### Exercise brief
Set down the full listing exactly as given. Any pictures are to be left out.

### Dataset section
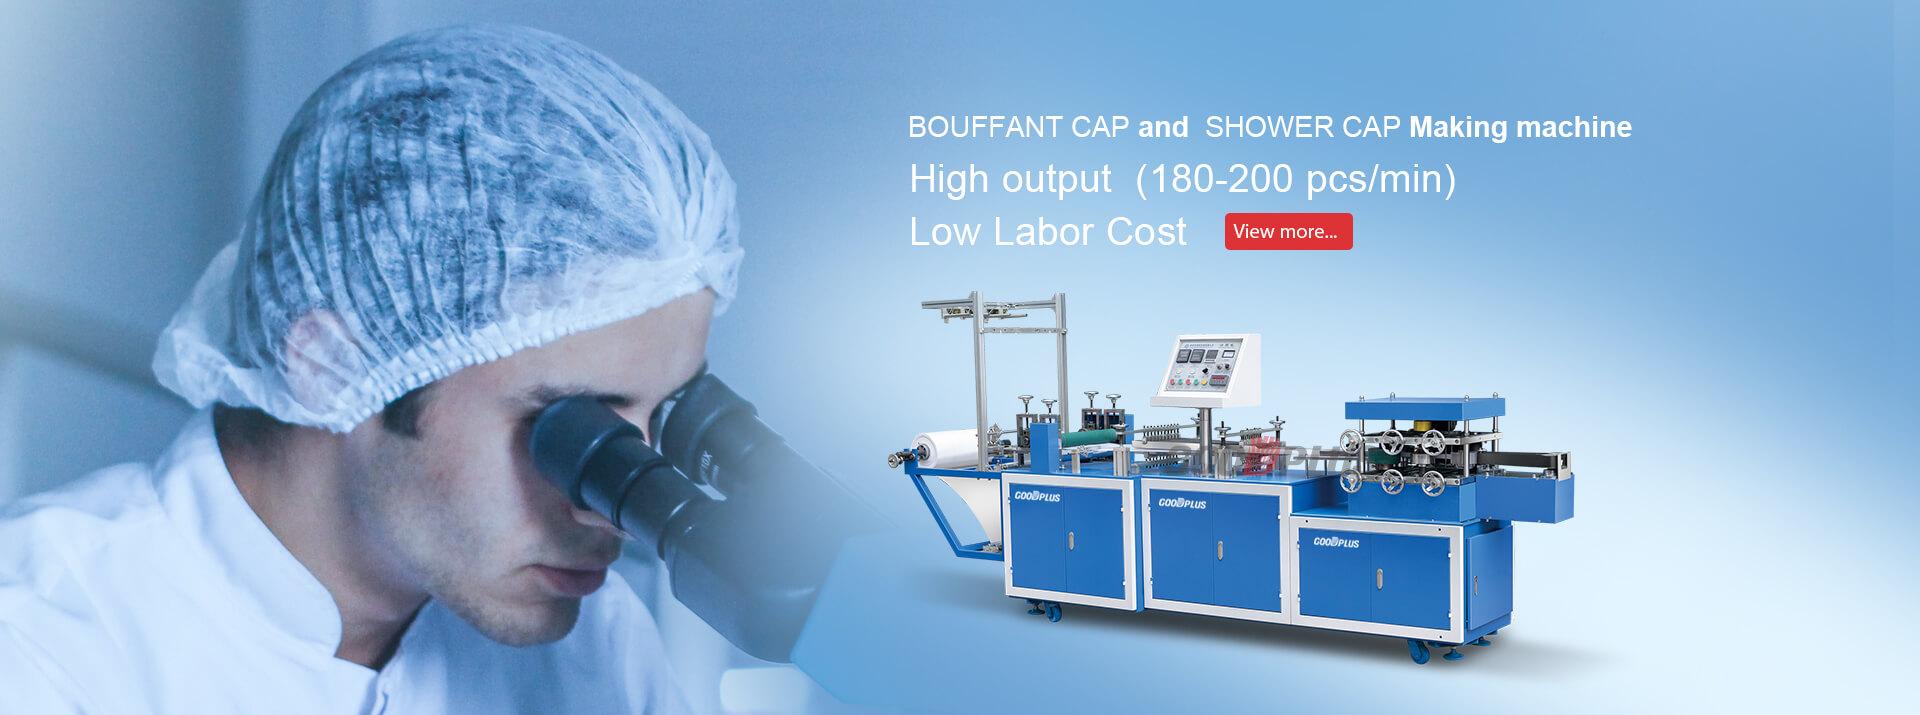 SURGICAL CAP SHOWER CAP MAKING MACHINE
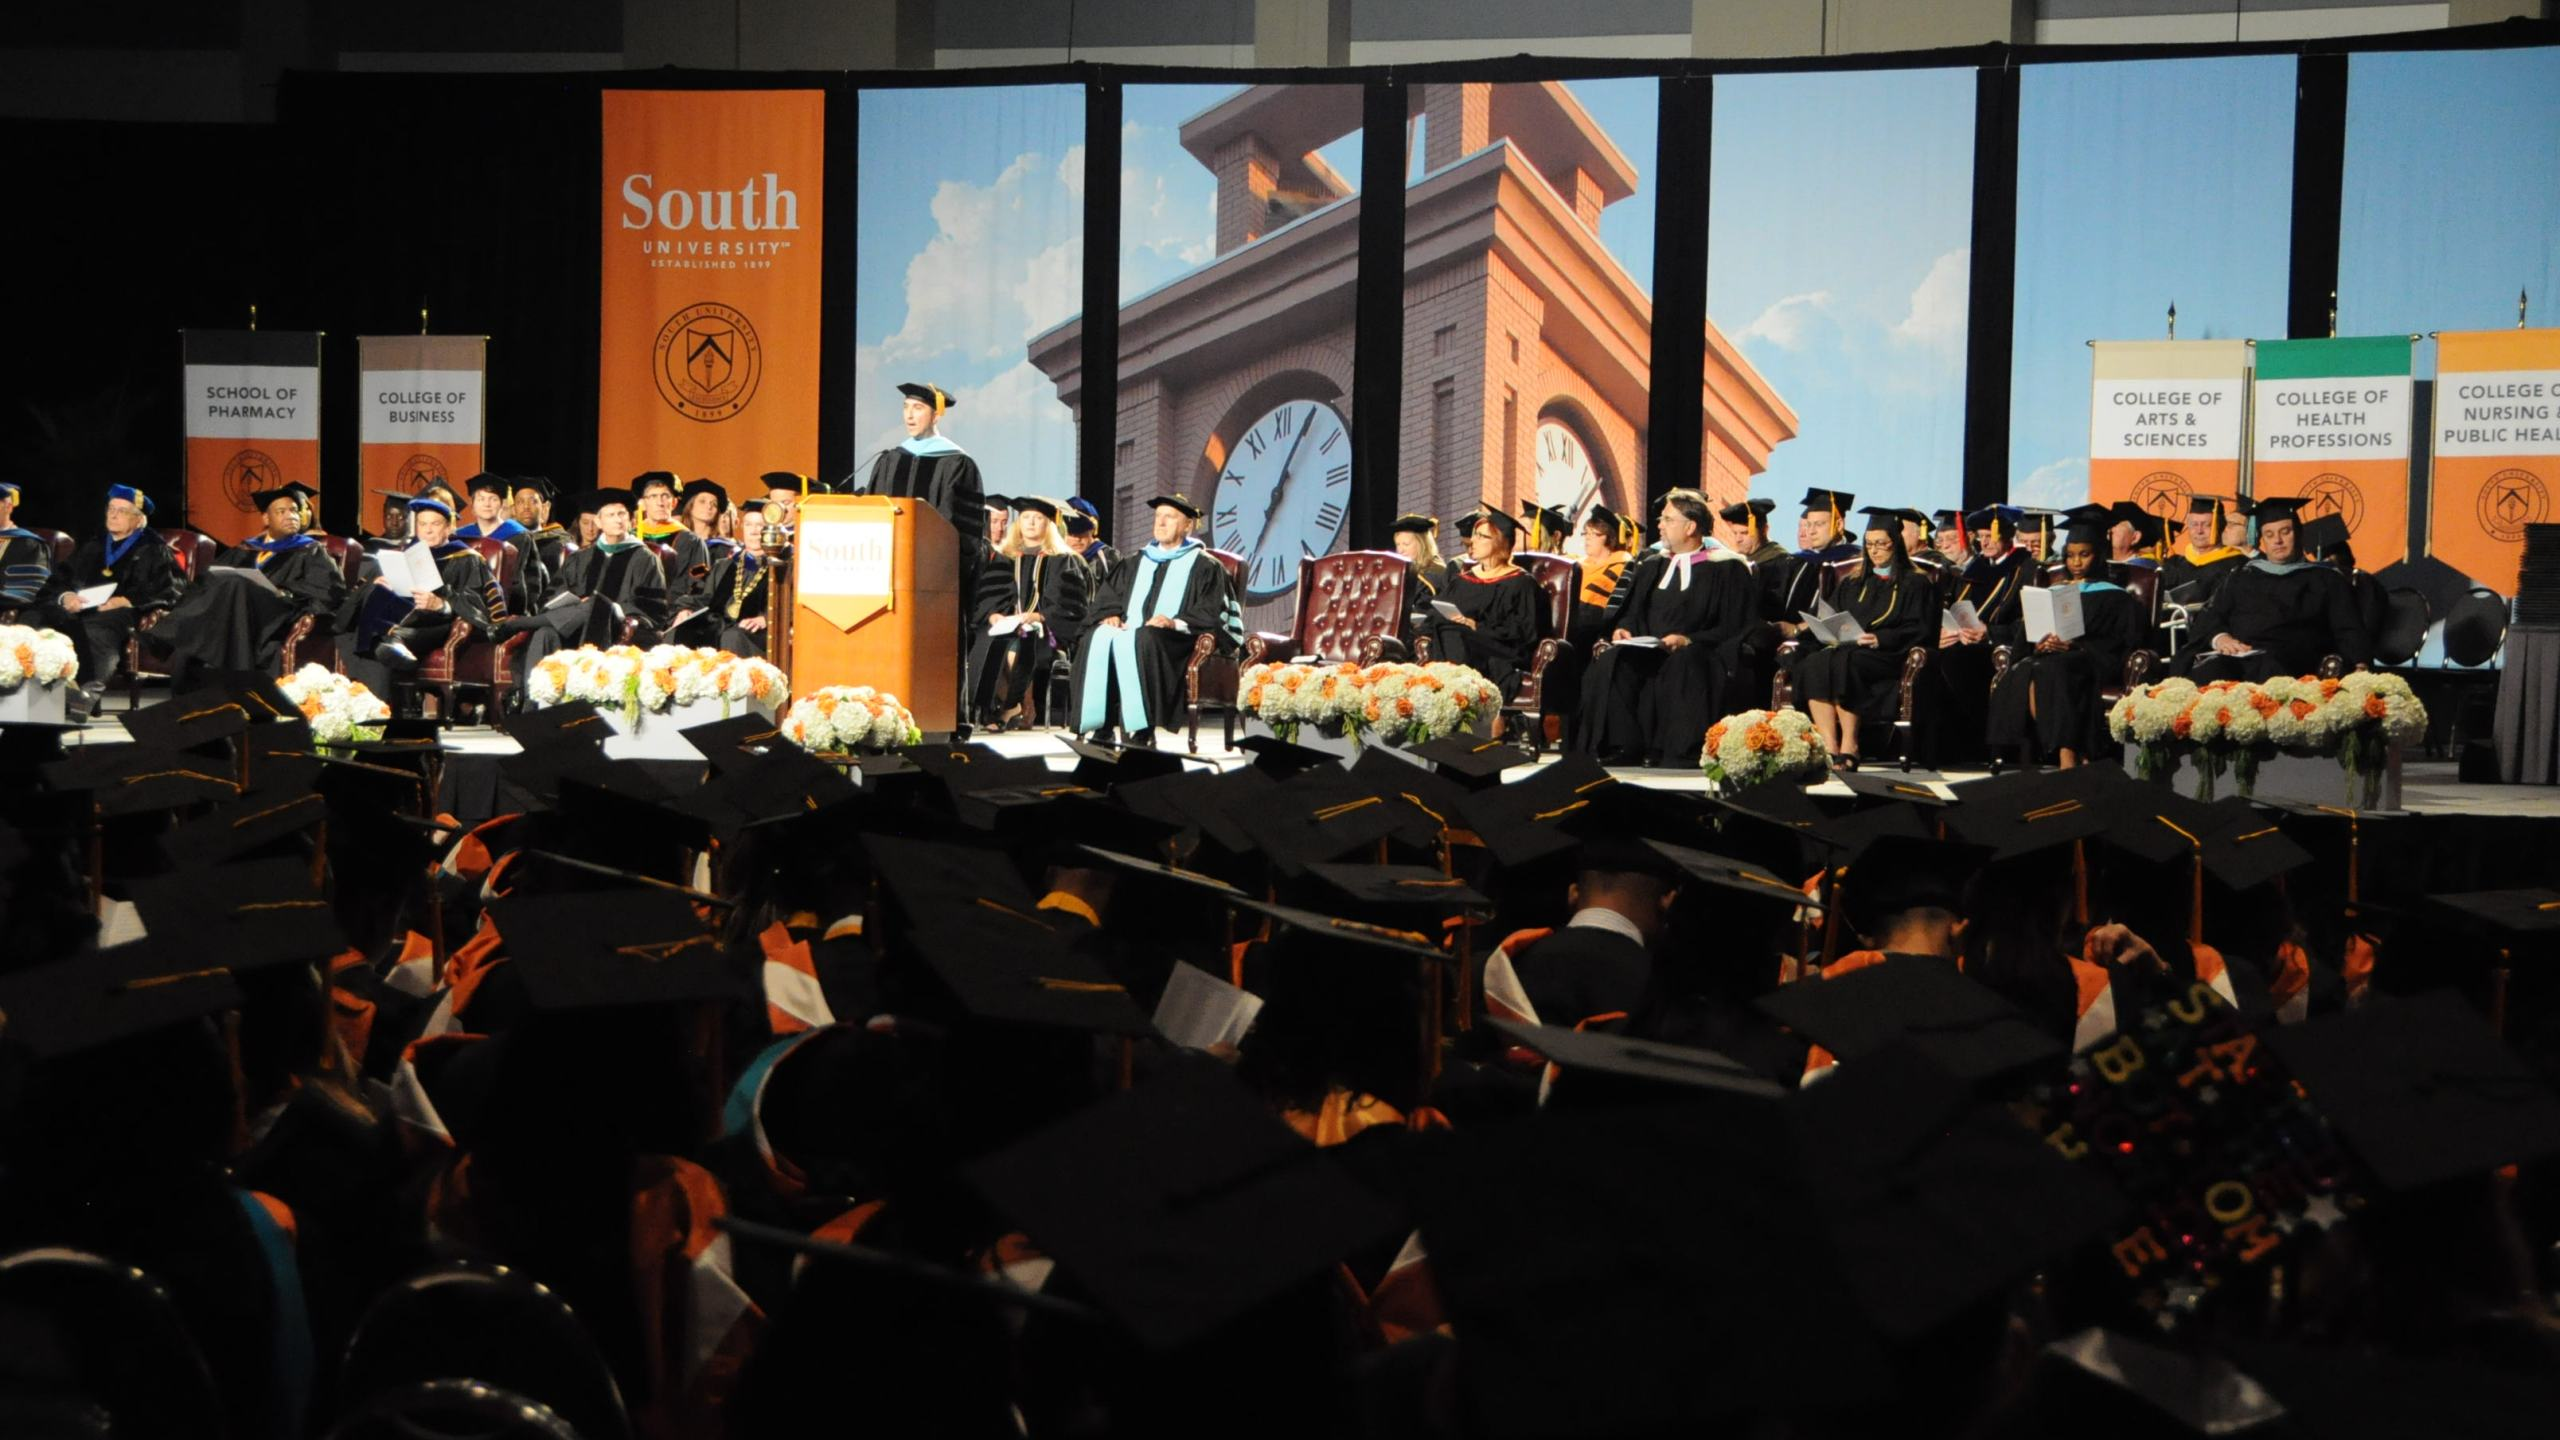 south university pic_4364
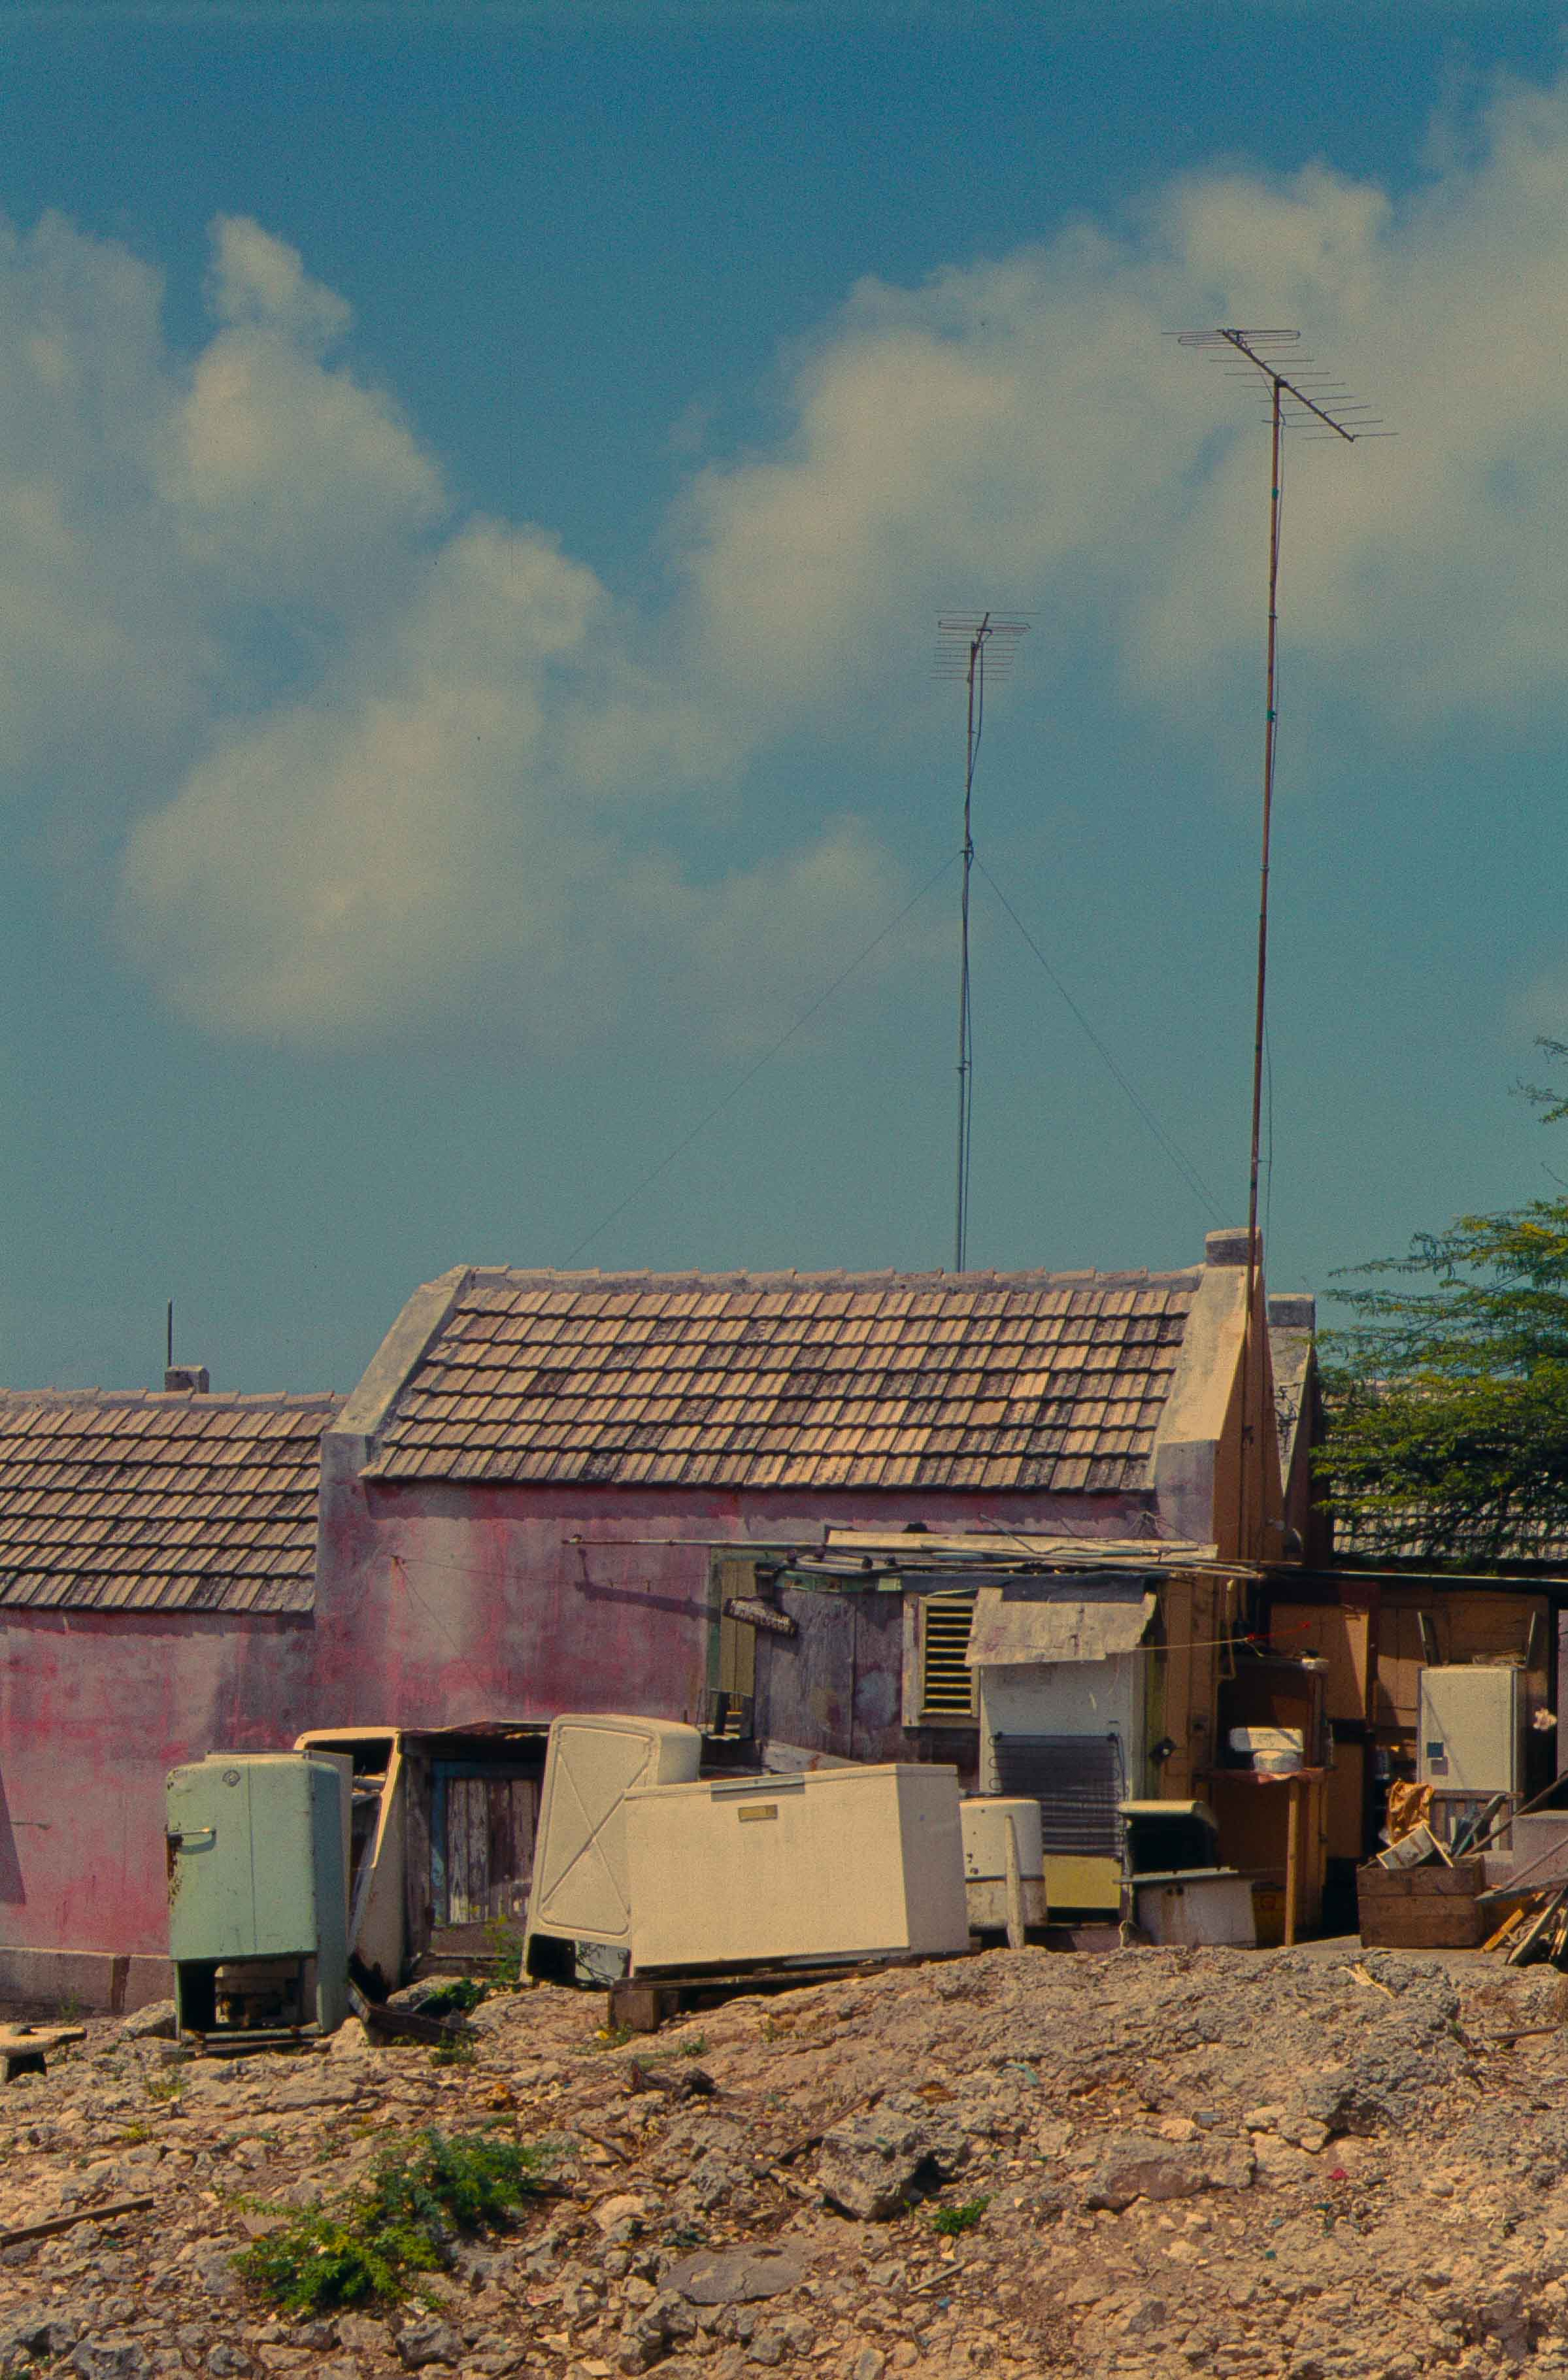 645. Suriname

### Solution below
 SURGICAL CAP SHOWER CAP MAKING MACHINE
 south university pic_4364
 645. Suriname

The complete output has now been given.